Thank you! I will try that out. Do you or anyone know some good parameter values to use for MTF, GAF, or Recurrenceplots (for classification or regression) that worked for them at least? (e.g. GAF image size, recurrence plot dimension ,time delay, threshold, MTF image size, n_bins, etc…?) I ran it with the default values for GAF (summation) and the results are seemingly worse for time series forecasting. However, I am not sure if I am using it correctly (I am using Tensorflow for CNN using core API and I have [batch_size, sequence length, channels] for my tensors and am not sure if I am supposed to use the image transformations along batch size and sequence length or sequence length and channels).

@MicPie,

thank you for sharing your thoughts and all the insightful links. Meanwhile, I came to realize that all the correlation tests are actually pretty meaningless in practice. In my last experiment, I simply used Bayesian optimization and it just worked out of the box and delivered results far superior to anything I have done myself.

In a nutshell, building any deep learning model consists of three optimization problems:

  1. Find best features
  2. Find best model
  3. Find best model hyperparameter.

For (1), you can use either try & error, leverage domain knowledge or simply use genetic algorithms. The later deliver the same result as brute force search but at about 10X faster speed.

For (2), you can use any existing model, if good enough, build your own, or use deep neuronal evolution to find your best model. The latter is computational expensive.
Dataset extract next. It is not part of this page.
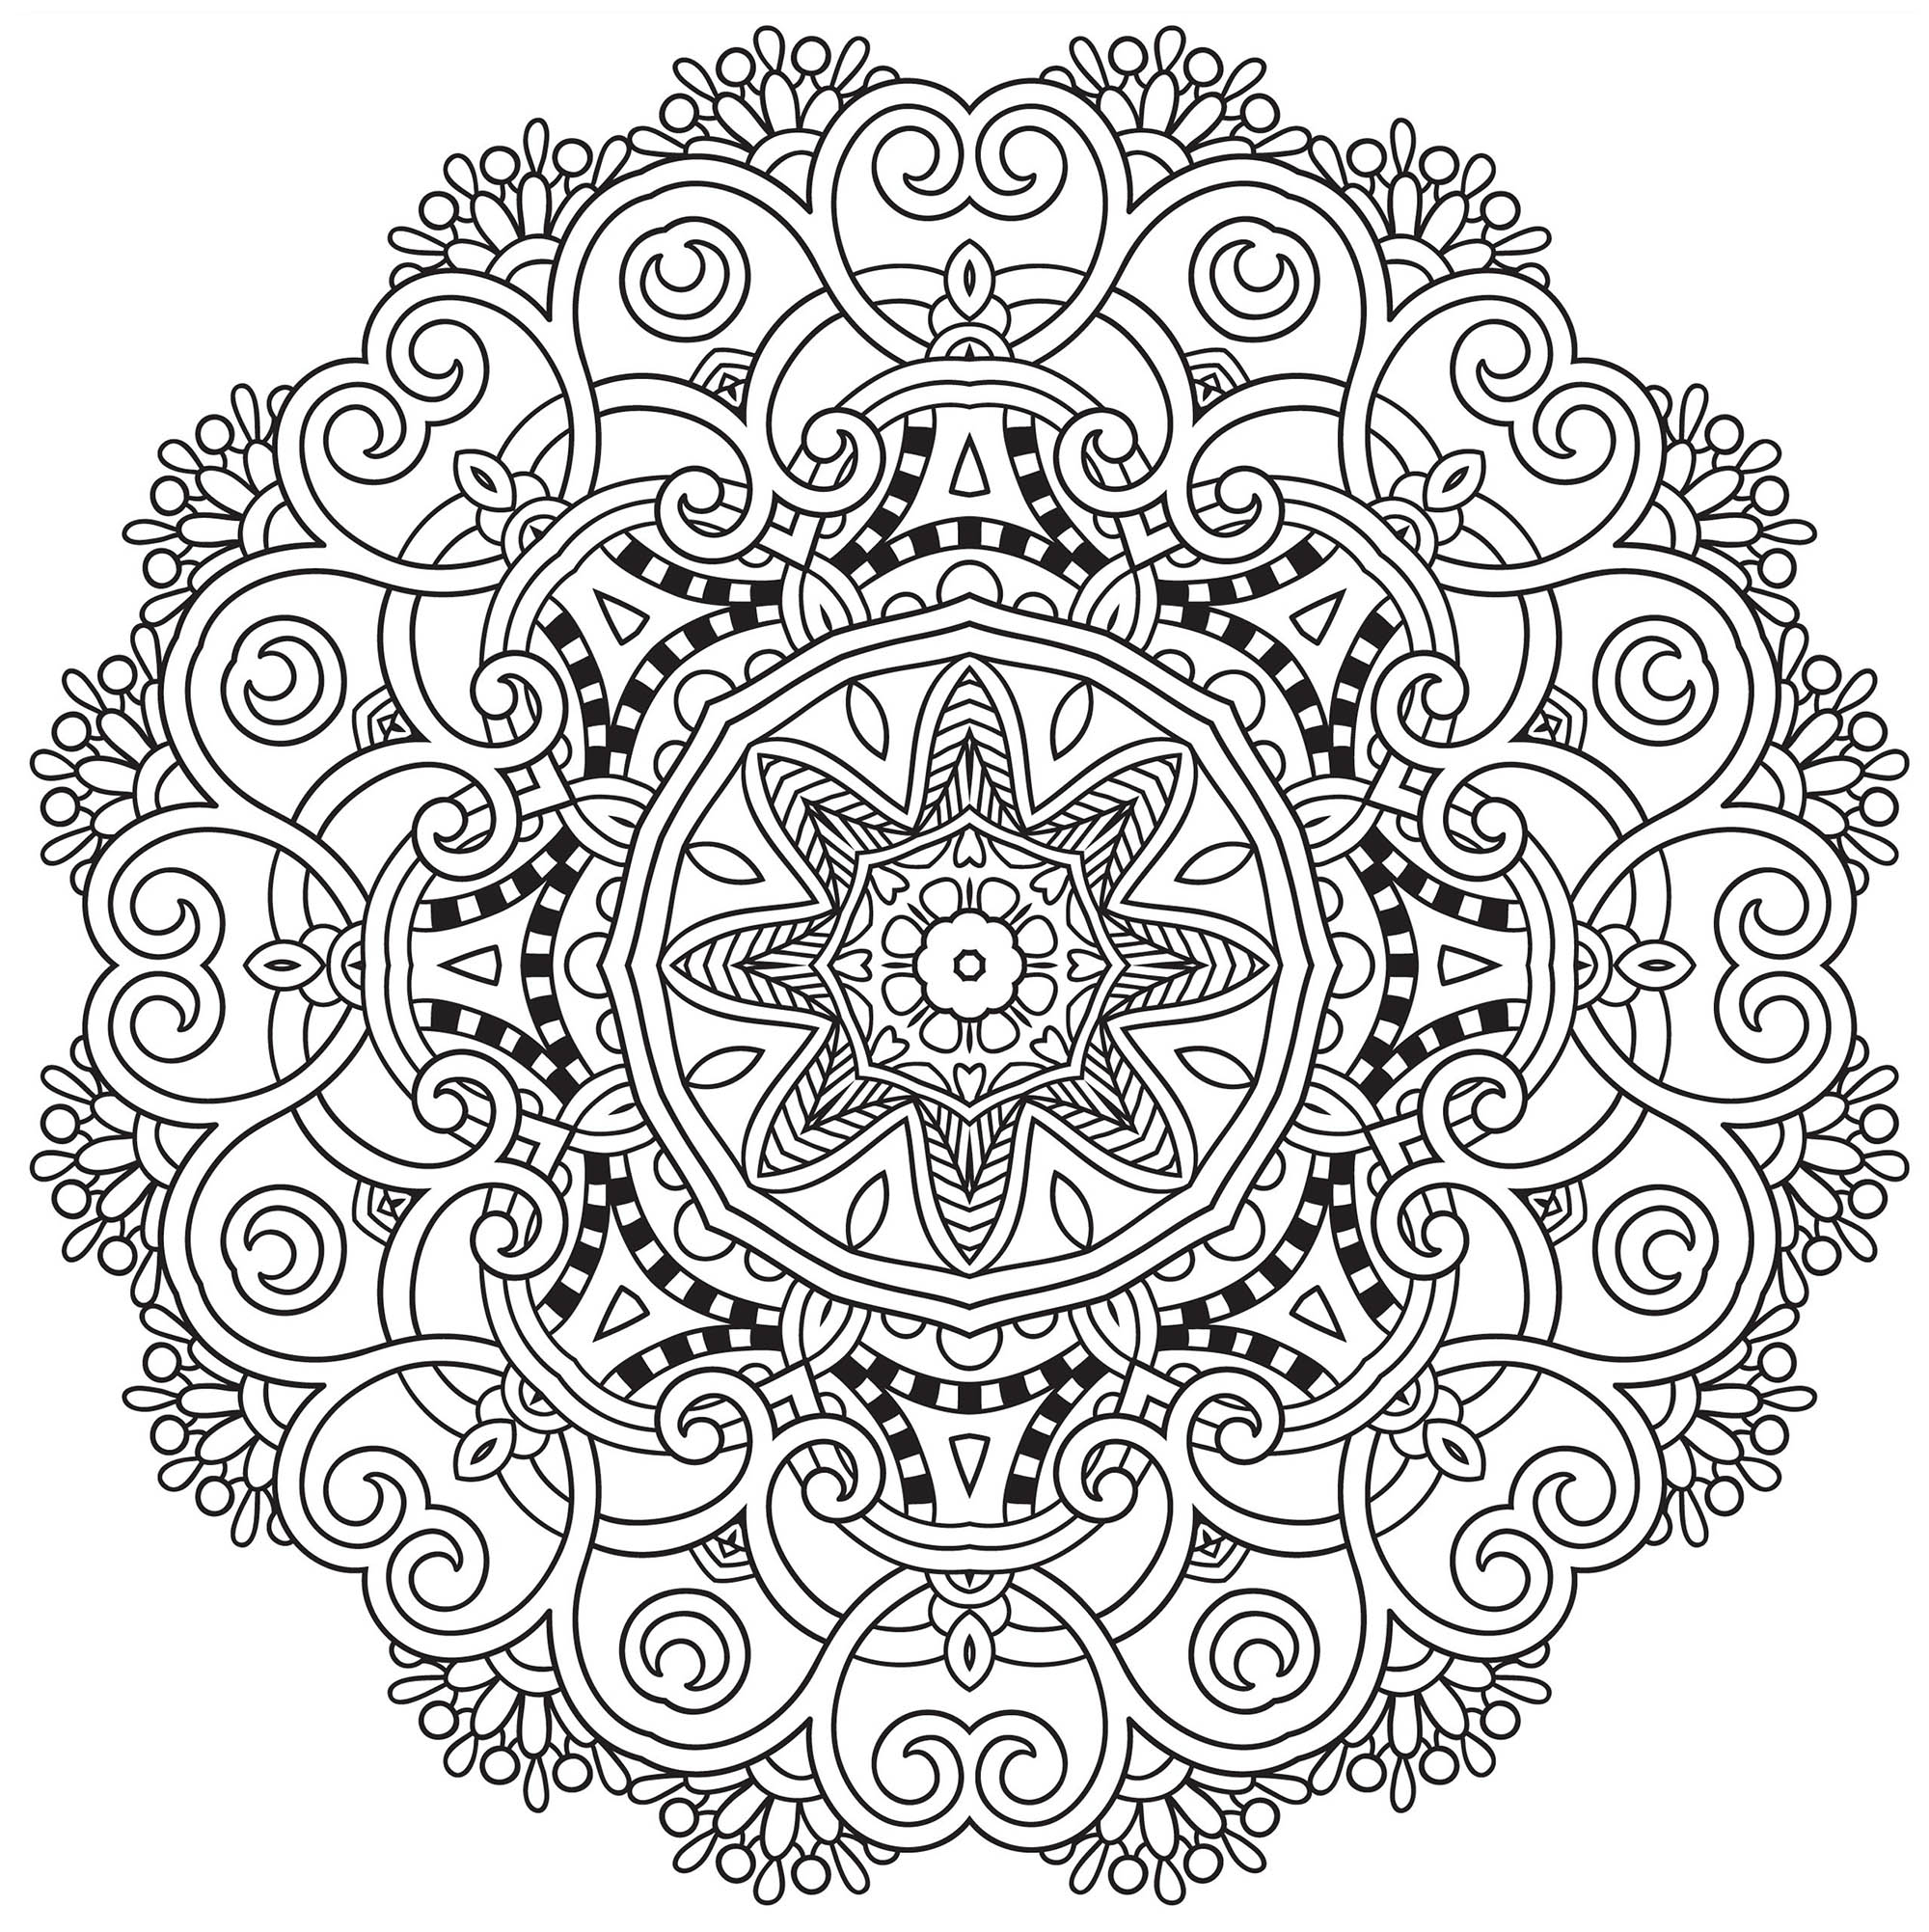 Mandala to download in pdf - 2 - Mandalas Adult Coloring Pages

For (3), your lucky, because that’s the easiest part because there are plenty of tools at your disposal. For starters, use known best practices as fast.ai is doing it all the time. Then, there is bayesian optimization, which is arguably a bit shaky when used standalone. Some folks question whether it is any better than open search, and indeed, the evidence seems inconclusive. However, when combined with evolutionary search strategies, it delivers superb results although in a non-deterministic way. In practice, I got the optimal result within the three runs or so, that’s actually a non-issue.

Also, there are model-agnostic tools to tune hyper parameter, although I have not explored them yet.

I think Jeremy recently made a point about not teaching Reinforcement Learning because it is in fact no better than any good search algorithm. A valid point he made, and I discovered recently that any crappy model optimized with a genetic algorithm easily outperforms the most sophisticated RL system by a wide margin. Conversely, those RL agents that actually do well in practice usually leverage a lot of optimization, either by using plain brute-force search or a genetic algorithm.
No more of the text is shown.